Fiona Chamness: From when I was writing it, I didn’t have a thesis that I was trying to illustrate with metaphor; that’s not usually how my writing happens. The poem actually started with the title, which came into my head as a really ridiculous, melodramatic line. I think I expected a farce, but it ended up getting serious. In its current state, I think it has to do with the idea that there’s no working absolute by which we can measure suffering. I don’t buy the idea that we all suffer the same amount just from sharing the human condition — that strikes me as too easy a cop-out in the face of staggering social and global inequality — but it is true, if tautological, that the deepest suffering you’re able to feel is the deepest suffering you’re able to feel.

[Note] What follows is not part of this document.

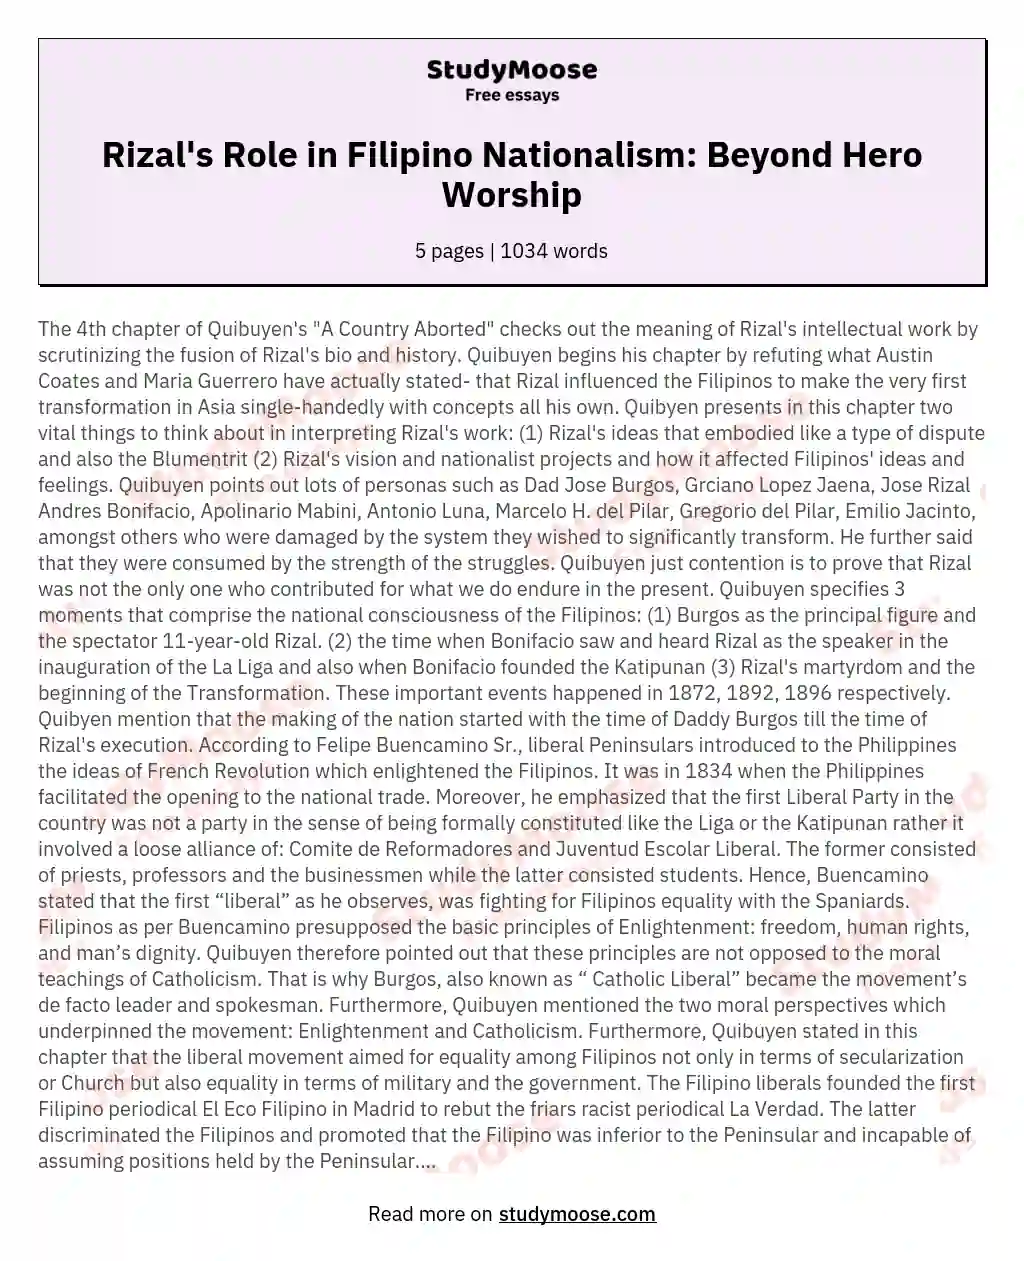 Rizal's Role in Filipino Nationalism: Beyond Hero Worship essay

You can’t replace it with someone else’s, at least not sustainably, and you can’t duck it by telling yourself it’s smaller than some entity outside you. You’re not a trench or a mountain and if your pain is overwhelming you, it’s just overwhelming you, and that’s that. There’s obviously much more to the story of processing pain than that, but I think this poem in particular deals with pain in its moment of distancing and non-acknowledgment, which many, if not all, kinds of pain pass through at some point on their way to or from moments of sharing or opening or collective expression.

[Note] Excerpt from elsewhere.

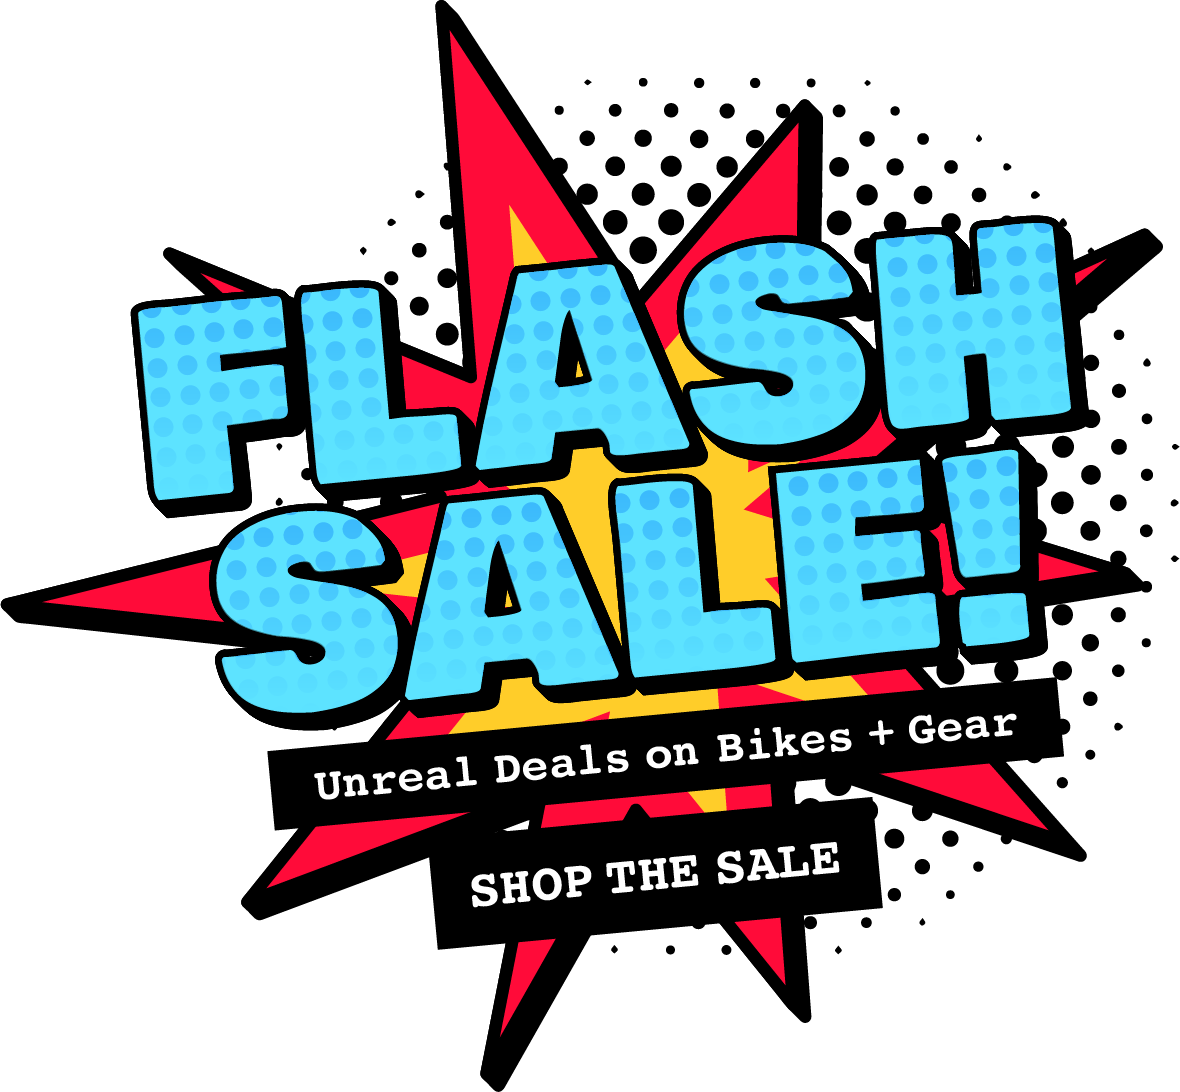 Flash Sale! Unreal Deals on Bikes + Gear

Julianne Linderman: There’s some “unpretty” imagery both in the “Last Witch” and “Marianas Trench.” In Last Witch: You can squeeze her eyes to cure the common cold, and in Marianas Trench: … she could eat your body, layer by layer, squeezing and pressing you like a lemon juicer … “squeeze” leaves a strong impression in my mind. Is this a common — or conscious — device in your poetry, these darker images, blood, and so on?

Fiona Chamness: It’s certainly common. I suppose it’s conscious in the literal sense of my being aware that it’s happening. The underlying question of whether I favor it above gentler language on purpose in order to elicit specific reactions is more complicated. For better or worse, I’m an intense person, and I’m drawn to language I can experience viscerally — language that can conjure smells and tastes and textures, that feels physical in some way. I need and employ that language because it speaks to the intensity with which I experience and interpret, not because I have any particular reverence for the shocking or the destructive. I need to be free to go to unhappy or discomfiting places when that’s where I’m going, and I relish the way language can be evocative, but it’s the evocative rather than the provocative that generally guides me. If I lose sight of what need ugliness or disturbance is in service of, I don’t generally feel good about the work; the same is true of beauty.

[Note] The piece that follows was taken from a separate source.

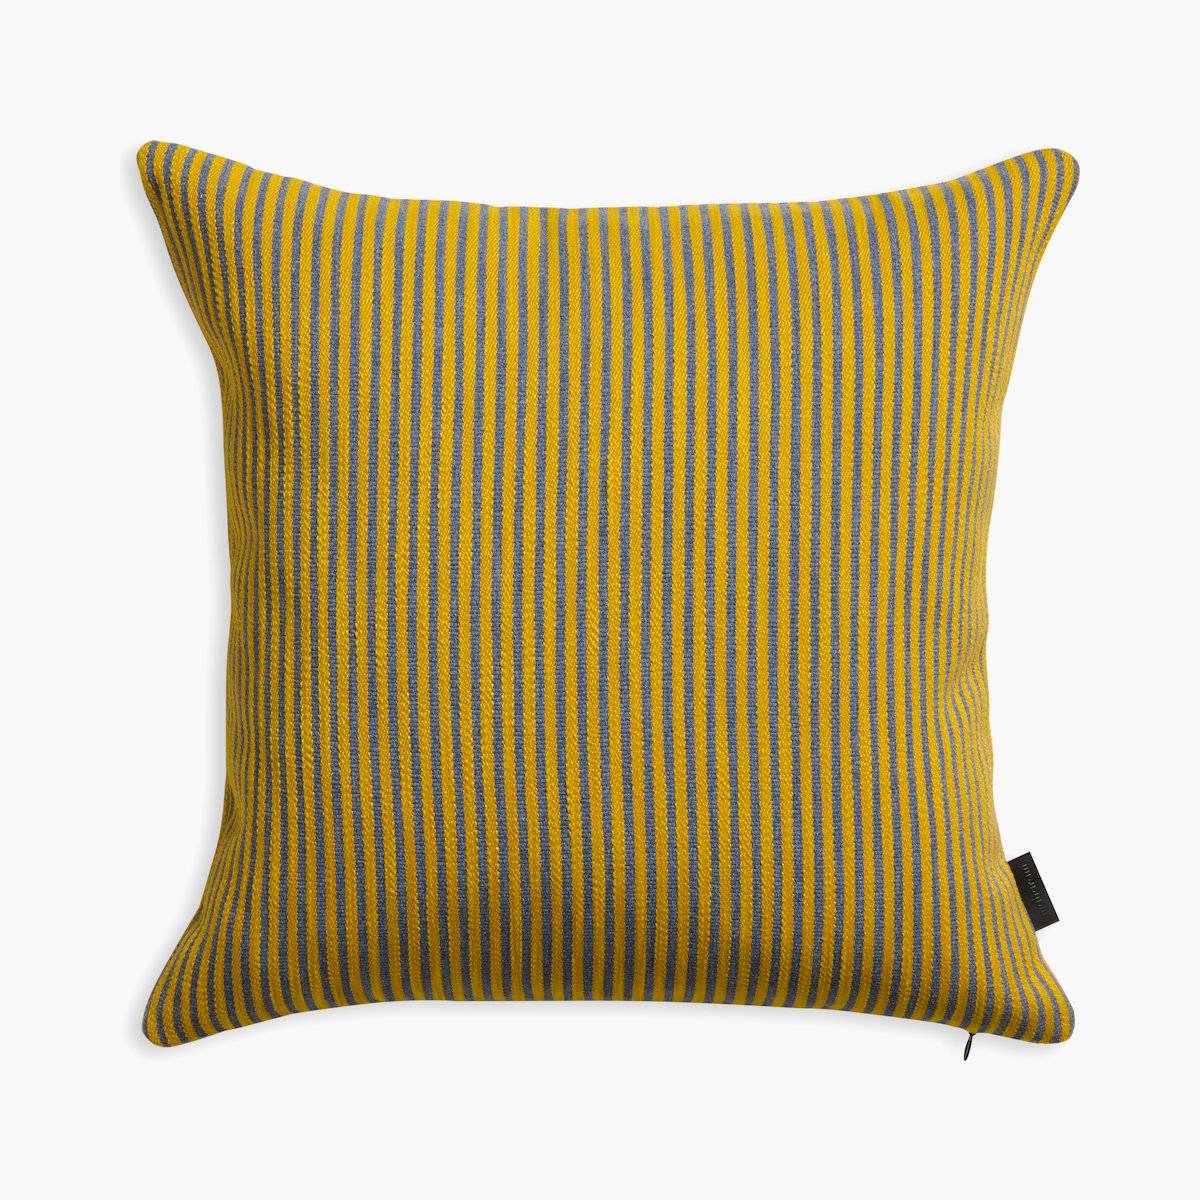 Paul Smith Concord Stripe Indoor/Outdoor Pillow

JL: I’m tempted to connect this back to something you said when we met, but I can’t quite remember the context — something along the lines of “you don’t always write about ‘the flowers,’” which I took to mean your not being afraid to confront deeper issues and themes. For whatever reason, “not writing just about the flowers,” remained with me. Is there something to that for you?

FC: I had a really good conversation with a friend a while ago about the idea of content being “heavy.” I think it’s a deceptive description — things often feel a lot heavier to people who aren’t used to carrying them, and there’s a way in which, when approaching art, we tend to measure “deeper” or “darker” content using the responses of people who haven’t had the experience being discussed as a benchmark, and I think that can sometimes erase the way in which the same piece of art is experienced by people for whom the content is lived and familiar. As I said, beauty is important to me (as is joy, although they’re not the same thing), but so is approaching things that are difficult, whether I’m afraid to or not (and often I am.) What’s more, it’s important for me not to have expectations about people’s reactions — what feels heavy for me might feel commonplace to a reader, and what feels commonplace to me may strike a different reader as strange, difficult, or overwhelming.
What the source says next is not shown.